In versions < 0.99.0 of methylSig, the
methylSigCalc function had a min.per.group
parameter to determine how many samples per group had to have coverage
in order to be tested.
In versions >= 0.99.0 of methylSig, the
min.per.group functionality is performed by a separate
function filter_loci_by_group_coverage().
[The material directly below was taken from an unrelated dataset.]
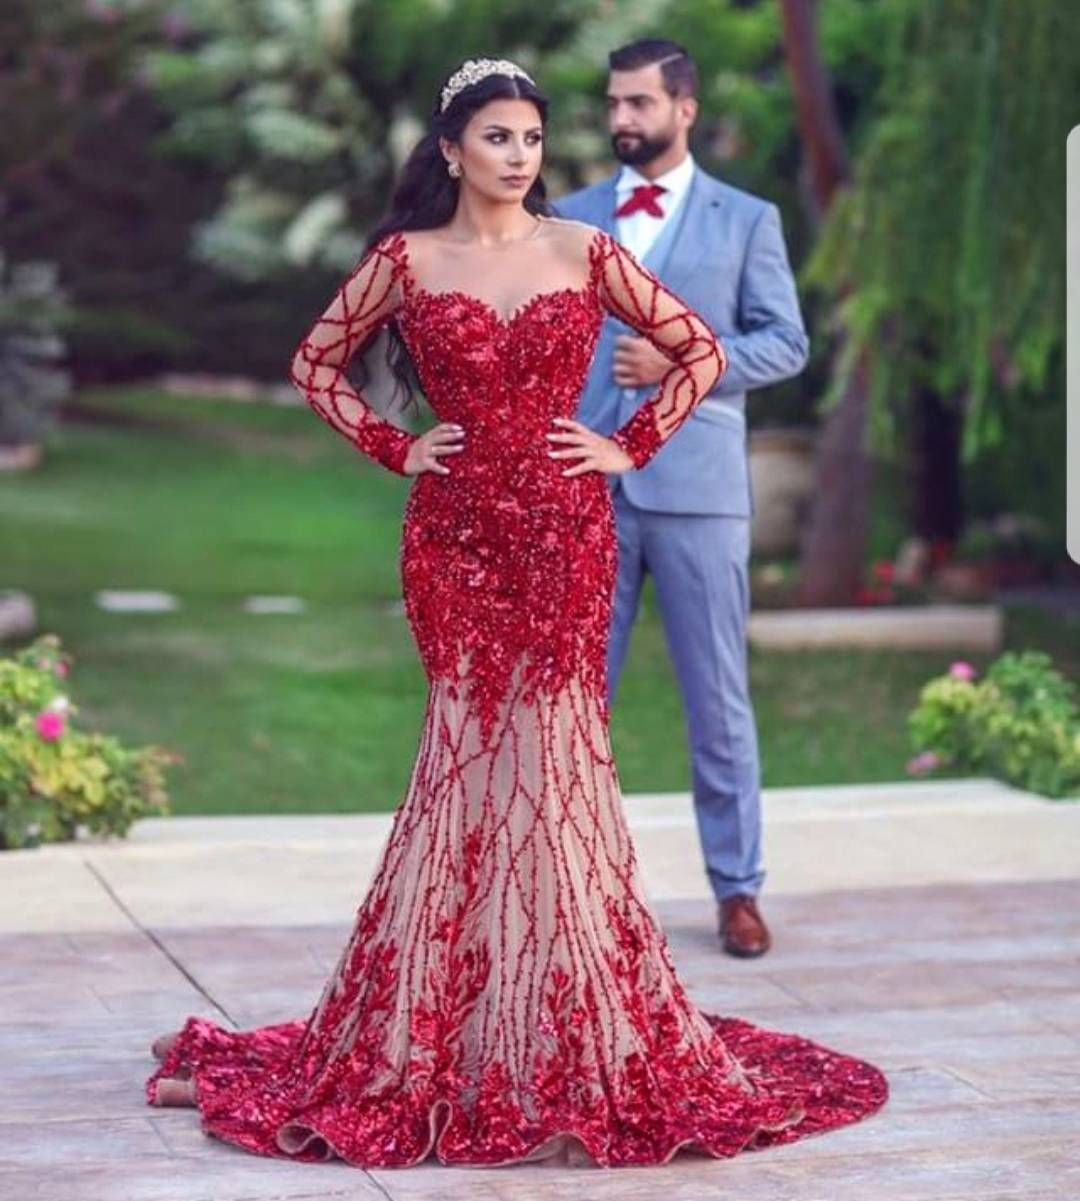 Custom Dresses Inspired By Haute Couture Designer Evening Fashion Haute Couture Wedding Dress Dresses Custom Dresses

Also note the
change in form to define dispersion calculations, and the use of local
information.
# Look a the phenotype data for bs
bsseq::pData(bs)
#> DataFrame with 6 rows and 2 columns
#> Type Pair
#> <character> <character>
#> C1 cancer pair1
#> C2 cancer pair2
#> C3 cancer pair3
#> N1 normal pair1
#> N2 normal pair2
#> N3 normal pair3
# Require at least two samples from cancer and two samples from normal
bs = filter_loci_by_group_coverage(
bs = bs,
group_column = 'Type',
c('cancer' = 2, 'normal' = 2))After removing loci with insufficient information, we can now use the
diff_methylsig() test.
In versions < 0.99.0 of methylSig, the
methylSigDSS function also had a min.per.group
parameter to determine how many samples per group had to have coverage.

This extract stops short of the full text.